Governments Must Uphold Public Right

Community Social Service Workers Hold Rally in Vancouver


Community social service workers rally outside the Vancouver Art Gallery September 13, 2012. (BCGEU)

Unions representing Community Social Service workers in BC rallied at the Vancouver Art Gallery on September 13 to draw attention to their demands for improvements in their wages and working conditions, and an end to government cuts to the vital services they provide.

Strike votes were taken in July in which community social services workers around the province voted in favour of job action to back their bargaining proposals. Members in General Services voted 85 per cent in favour of strike action. Members in Community Living Services voted 90 per cent in favour.

Community social service workers, 15,000 strong in 10 unions that negotiate as the Community Social Services Bargaining Association, have been without a contract since March 31. These workers are the lowest paid in the broad public sector but provide critical services to children and families, youth, people with physical or developmental disabilities and other vulnerable people.

Negotiations broke down in early June with the Community Social Services Employers' Association demanding concessions including removing gains made in the last round of bargaining, which concluded only months before the expiry of the collective agreement, and with no progress on improvements to wage, benefits, sick leave and reimbursable expenses.

Speakers at the rally called on the government to invest more in social services, including the wages of these workers. Darryl Walker, President of the BC Government and Service Workers Union (BCGEU), the largest and lead union of the 10 in the bargaining association, pointed out that since 2004, Community Social Service workers have been forced to take $40 million in concessions every year with no wage increase in the last two years. He said, "The government needs to step up and invest in the sector and its workers, and improve the critical services provided by these caring professionals to the most vulnerable British Columbians."

Return to top


Government Attacks on Public Sector Wages
and the Public Interest

On September 5, the day of the third and largest BC Government and Service Employees' Union one-day strikes against the BC government, James Cavalluzzo, Chairperson of the Community Social Services (Component 3) sector of the union, was interviewed on Vancouver Co-Op radio. Over 20,000 direct government employees struck across the province that day. "After months of negotiating with the provincial government," he explained, "we are unable to get a fair settlement and I think it's important to point out that this is actually the first time that the public service in BC has been out on strike in over 24 years."

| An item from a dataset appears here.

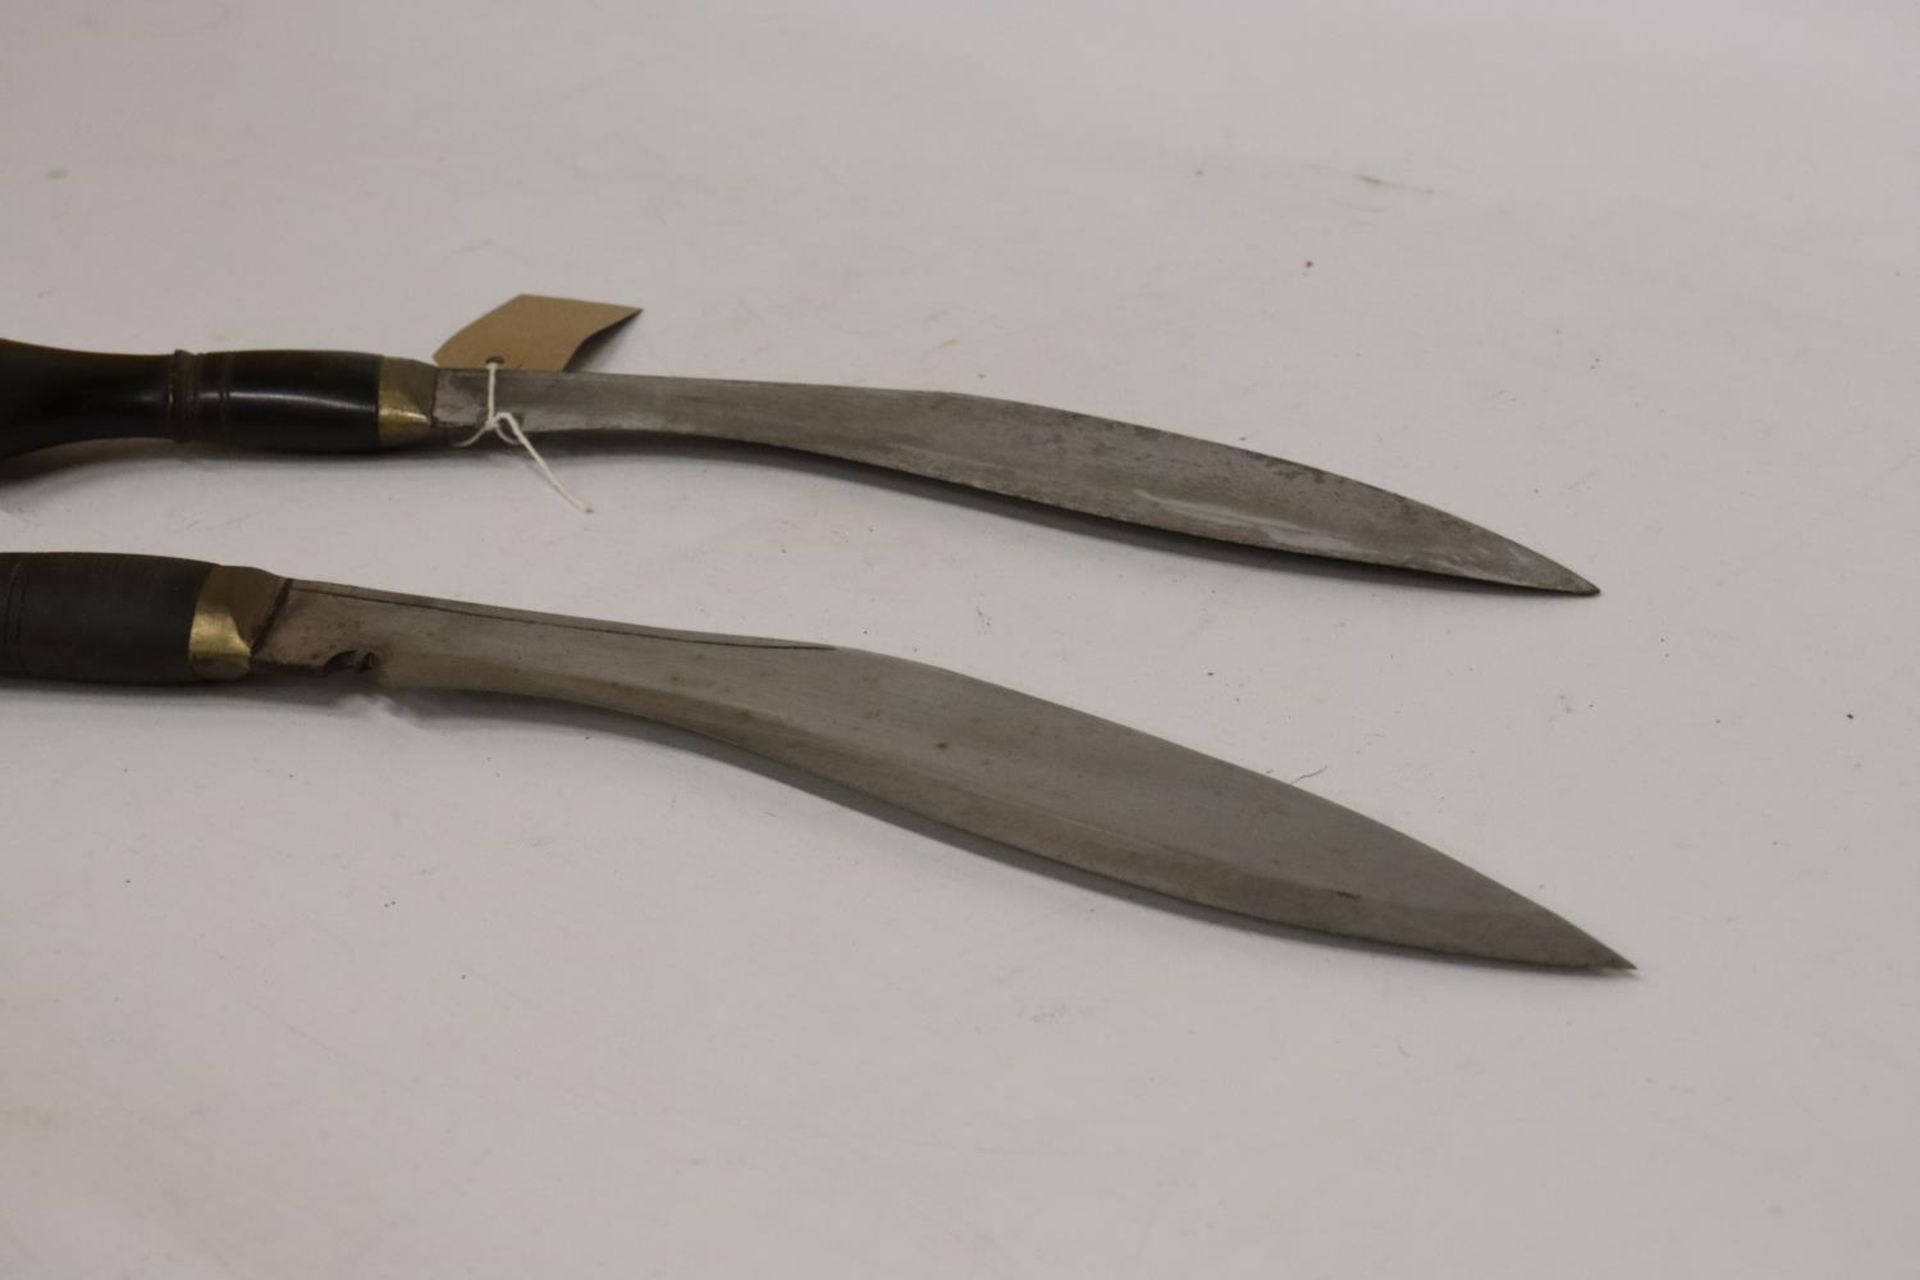 TWO MID 20TH CENTURY KUKRI KNIVES, 28CM BLADES - Image 5 of 6
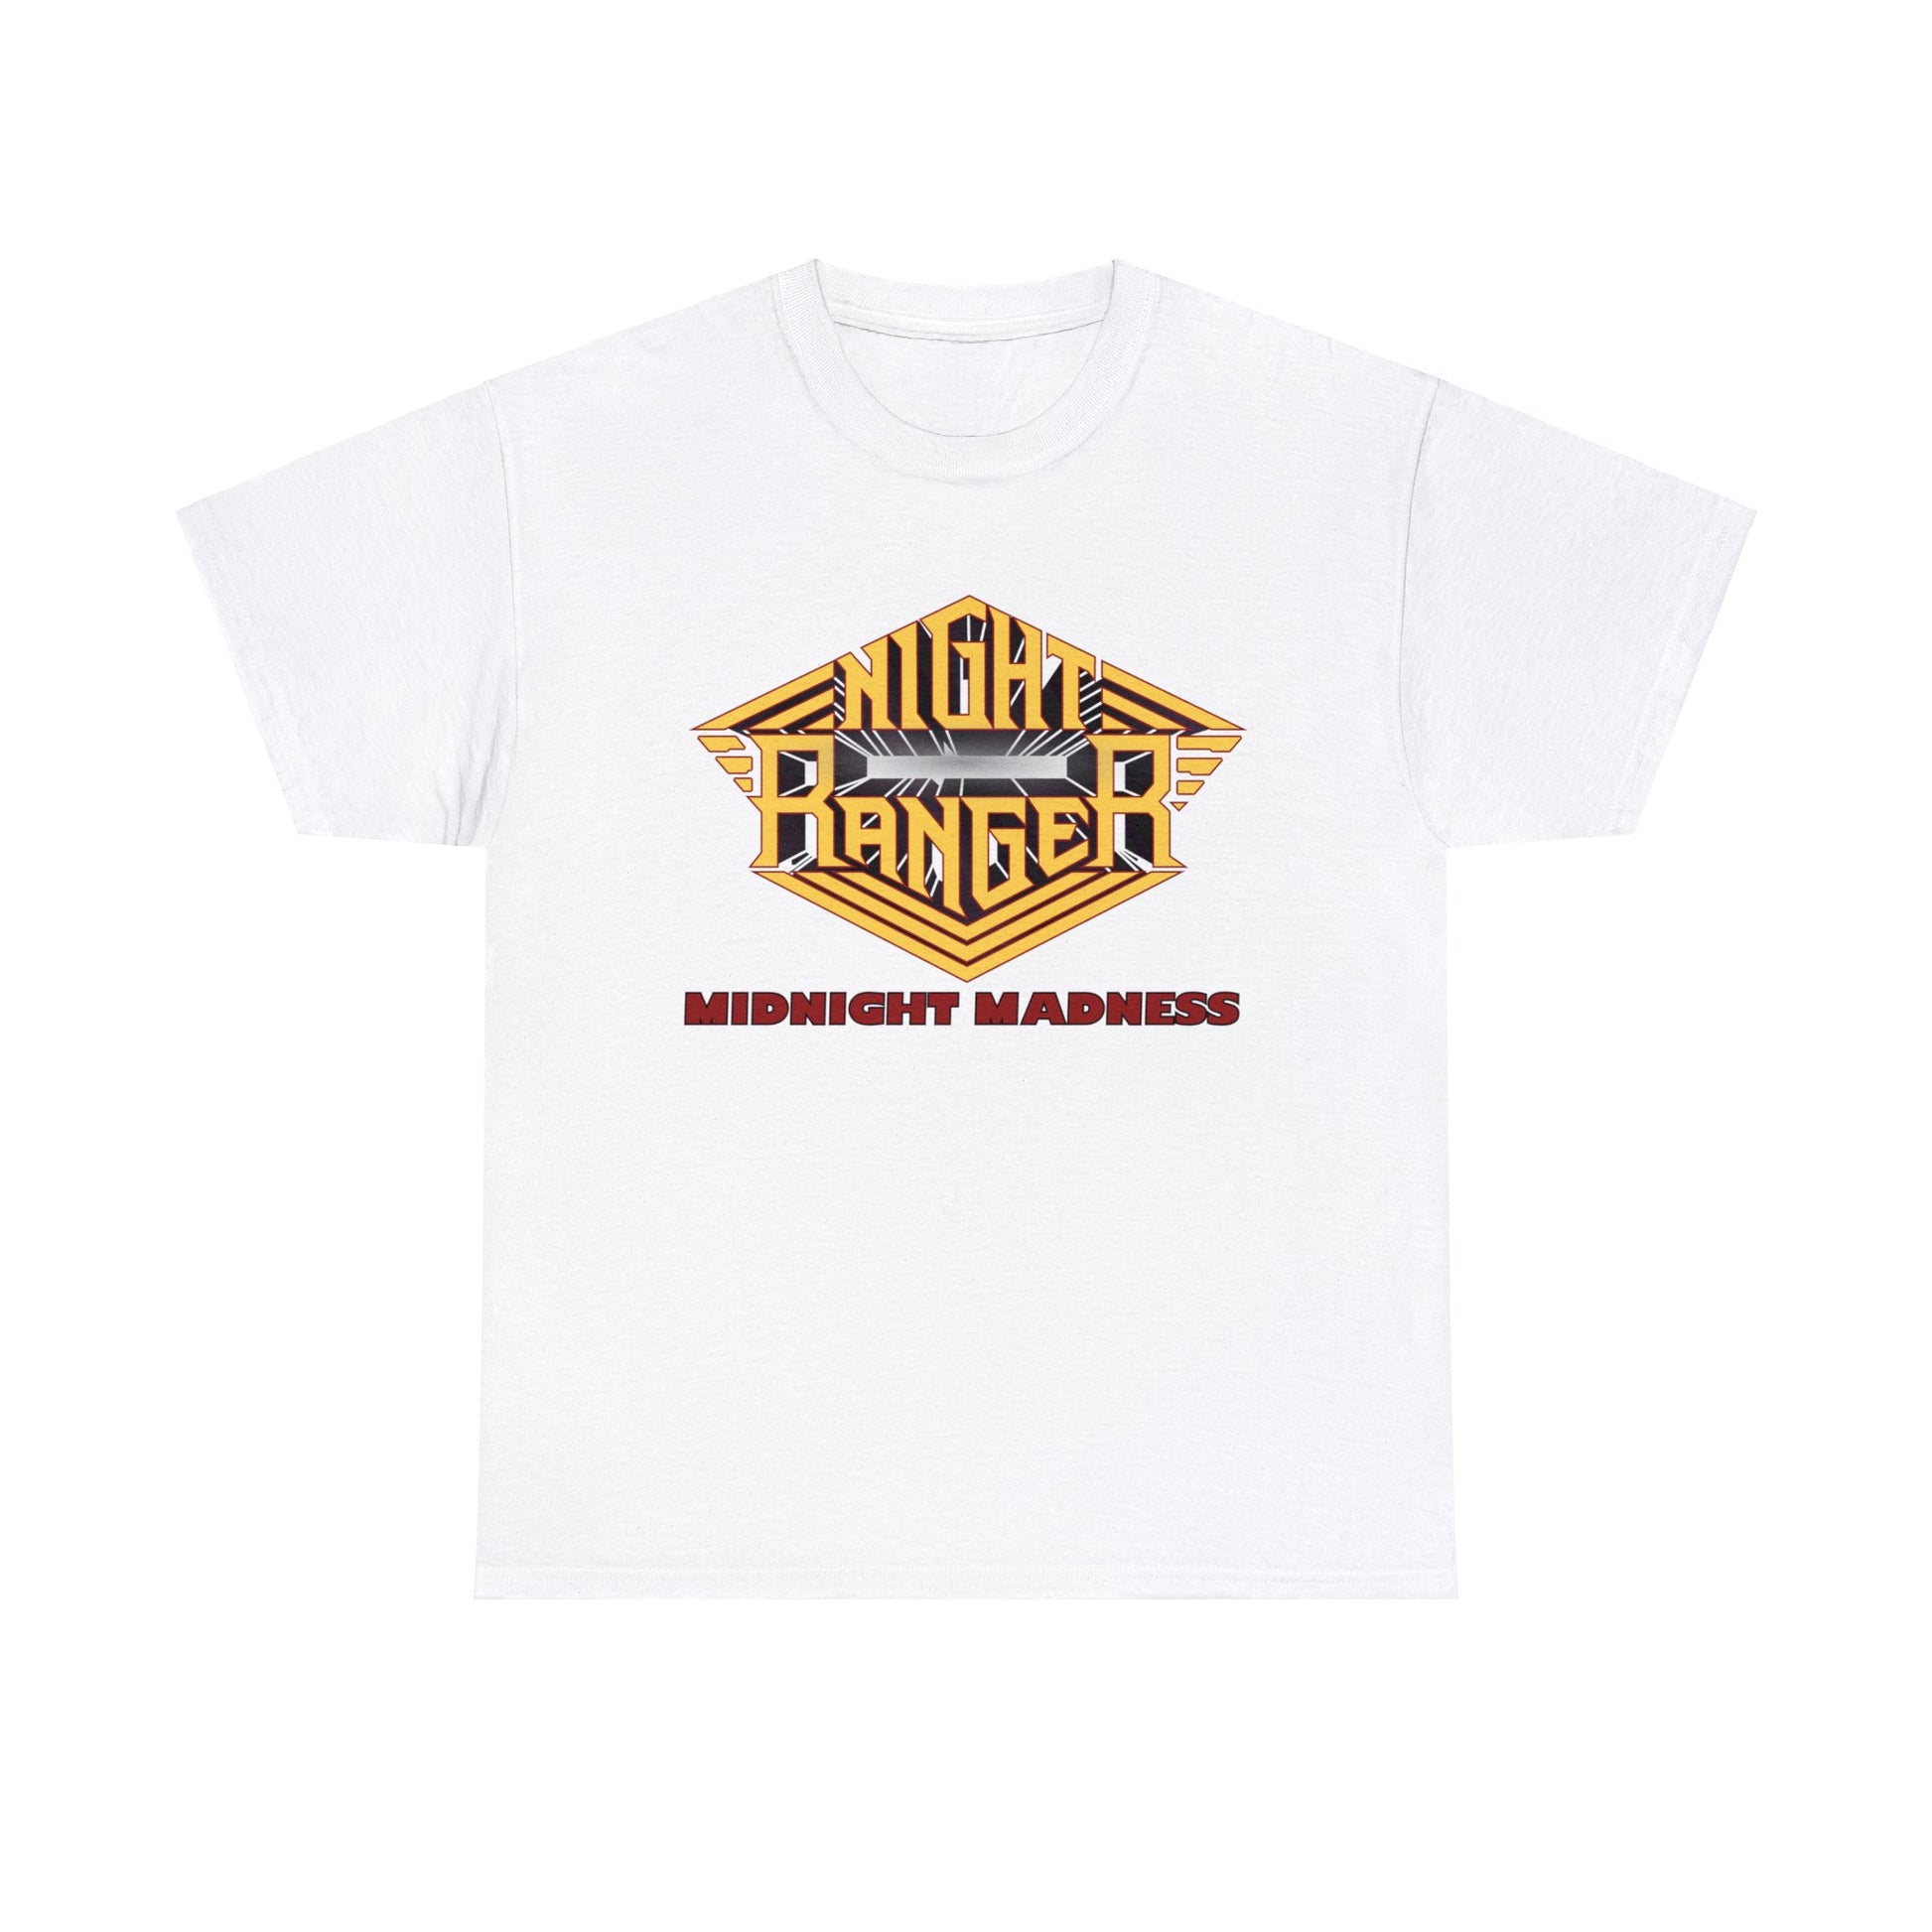 Night Ranger Midnight Madness Tour 1984 T-shirt for Sale

In 2010, he said, public sector workers across the province, not just government employees, "settled" for zero wage increases in a climate of the financial crisis caused by the banks and corporations, in exchange for some employment security. These contracts largely expired in March of 2012. By Cavalluzzo's account, the actual wages of the workers he represents have decreased by at least six per cent based on the increase in the cost of living since the last wage increase they received.

"If you look a little bit further back, before 2010, wage increases were either in the negative, that is concessions were taken under the Liberal government, or they were fairly modest in the period from 2006 to 2010.... Going back ten years, I think it's safe to say people are much further behind than they were ten years ago.... We hear quite often from our members that they're just not able to make ends meet in the same way they used to."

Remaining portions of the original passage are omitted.